(Prompt):
Both the line below containing "茶 26.5cm (0910010550-br-s265)" and the line containing "Cerca de intrincado", along with every line between them, should be repeated exactly; no other line belongs in the answer.

(Data for review):
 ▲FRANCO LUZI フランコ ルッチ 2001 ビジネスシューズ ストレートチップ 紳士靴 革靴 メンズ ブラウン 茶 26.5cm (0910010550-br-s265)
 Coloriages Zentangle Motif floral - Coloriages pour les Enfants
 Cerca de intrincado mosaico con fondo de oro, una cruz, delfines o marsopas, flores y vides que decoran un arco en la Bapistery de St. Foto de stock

--

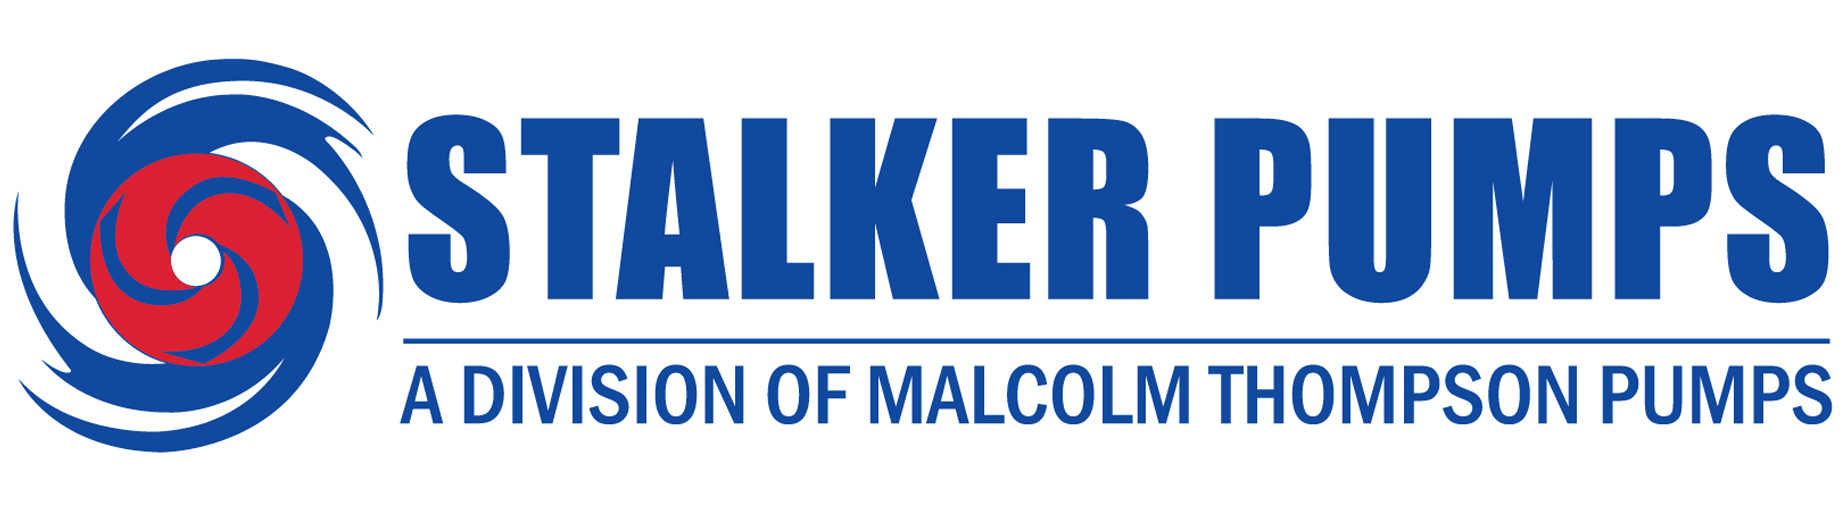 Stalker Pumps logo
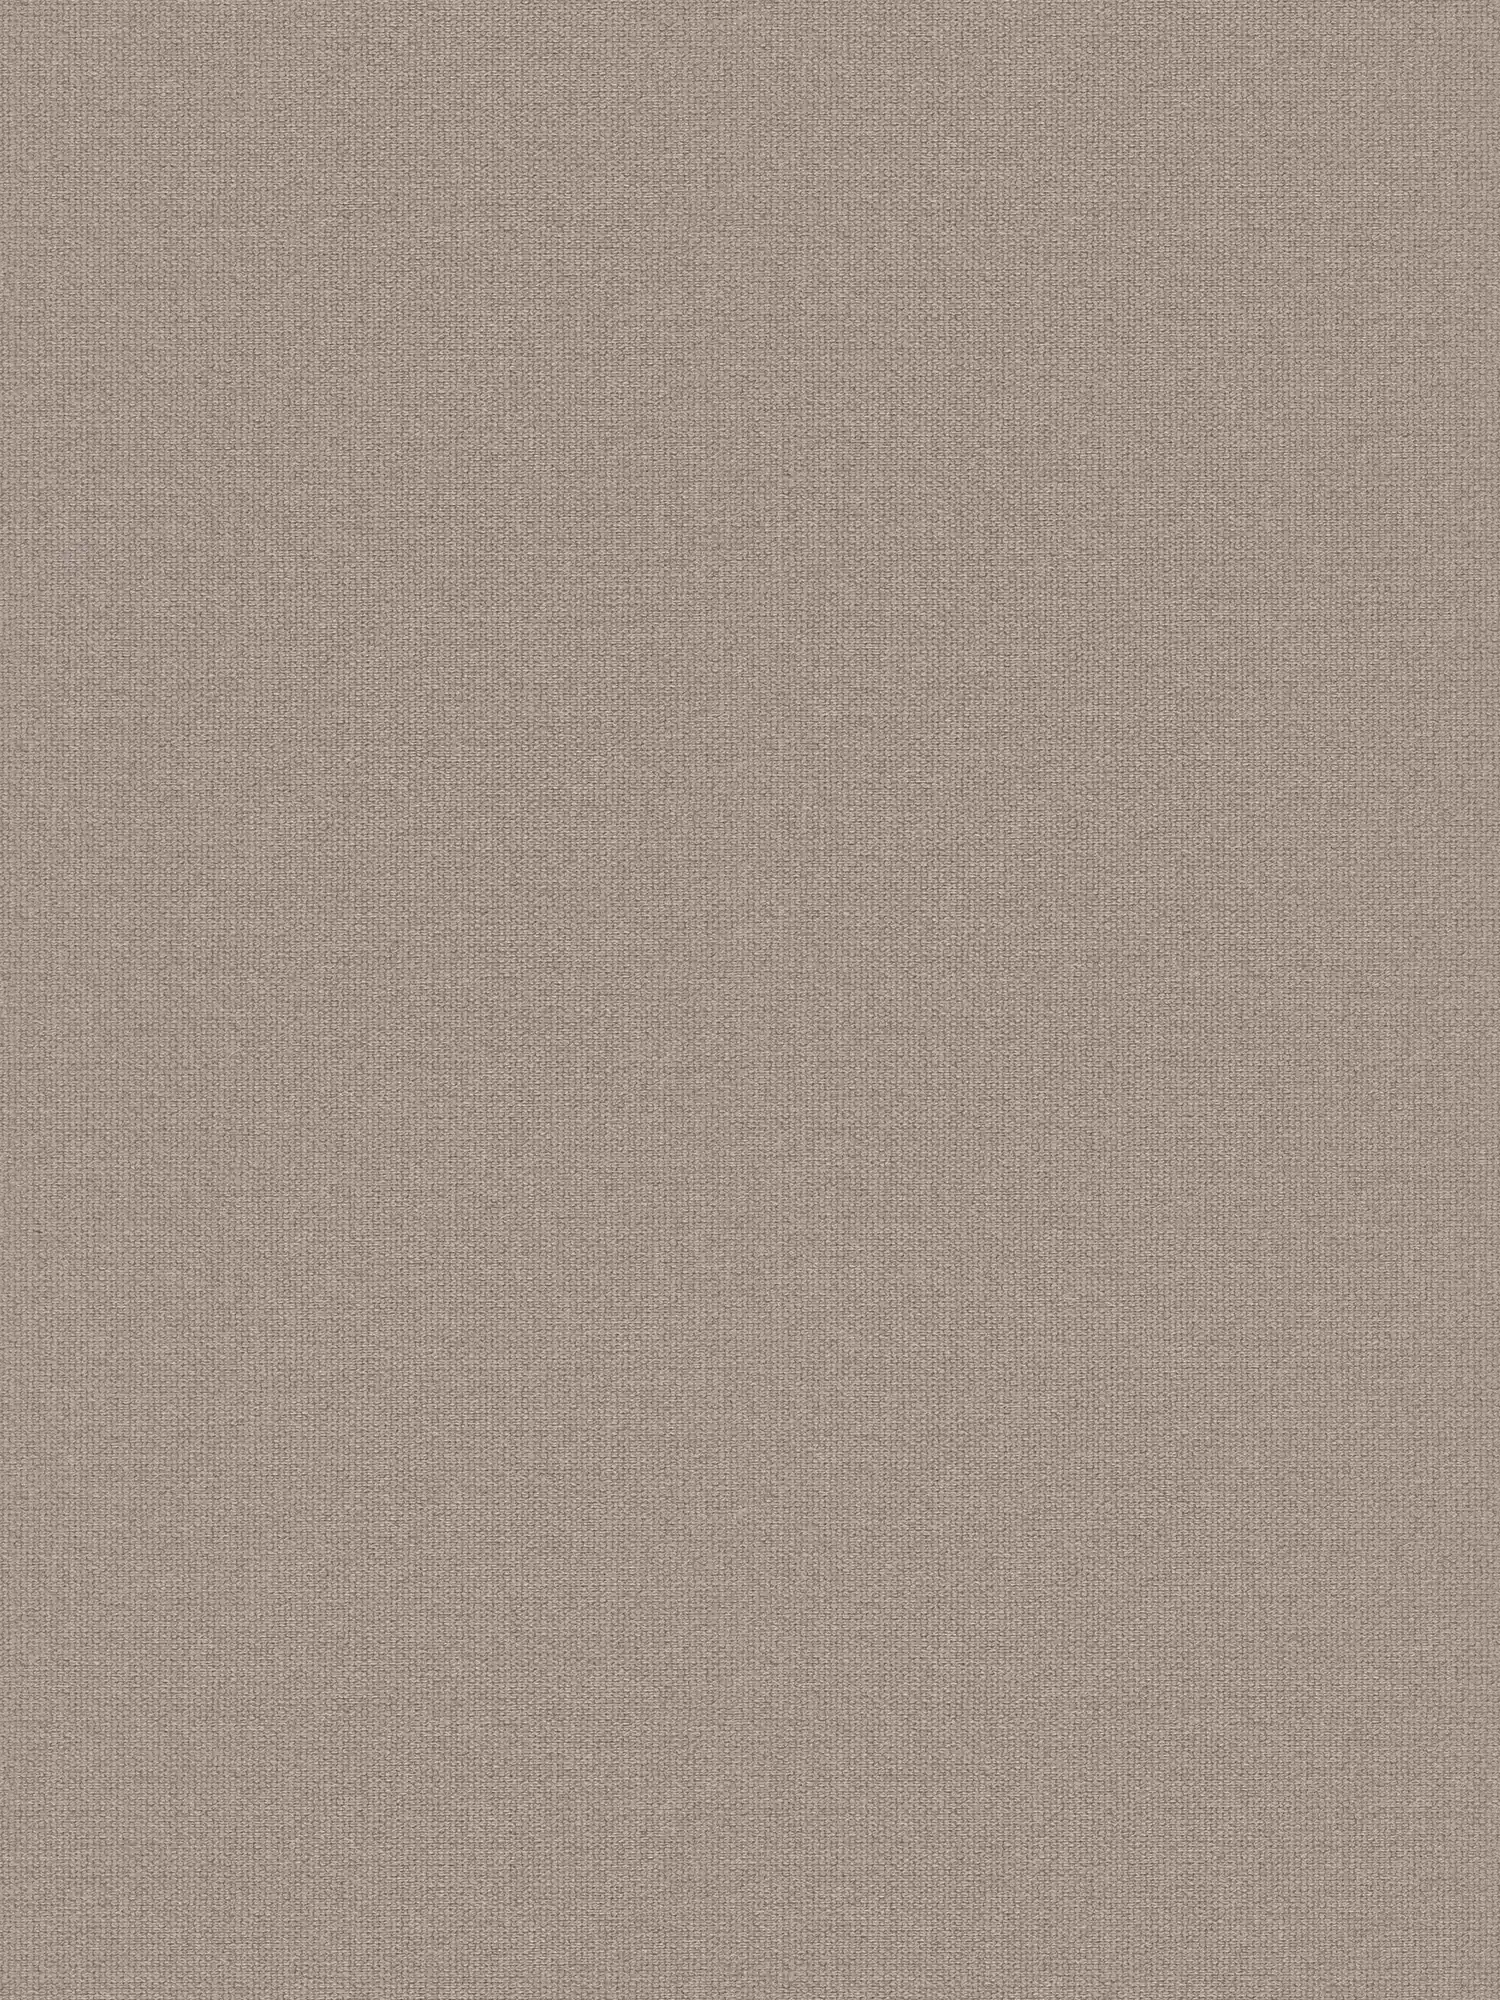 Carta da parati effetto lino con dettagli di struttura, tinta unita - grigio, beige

(Task answer):
 ▲FRANCO LUZI フランコ ルッチ 2001 ビジネスシューズ ストレートチップ 紳士靴 革靴 メンズ ブラウン 茶 26.5cm (0910010550-br-s265)
 Coloriages Zentangle Motif floral - Coloriages pour les Enfants
 Cerca de intrincado mosaico con fondo de oro, una cruz, delfines o marsopas, flores y vides que decoran un arco en la Bapistery de St. Foto de stock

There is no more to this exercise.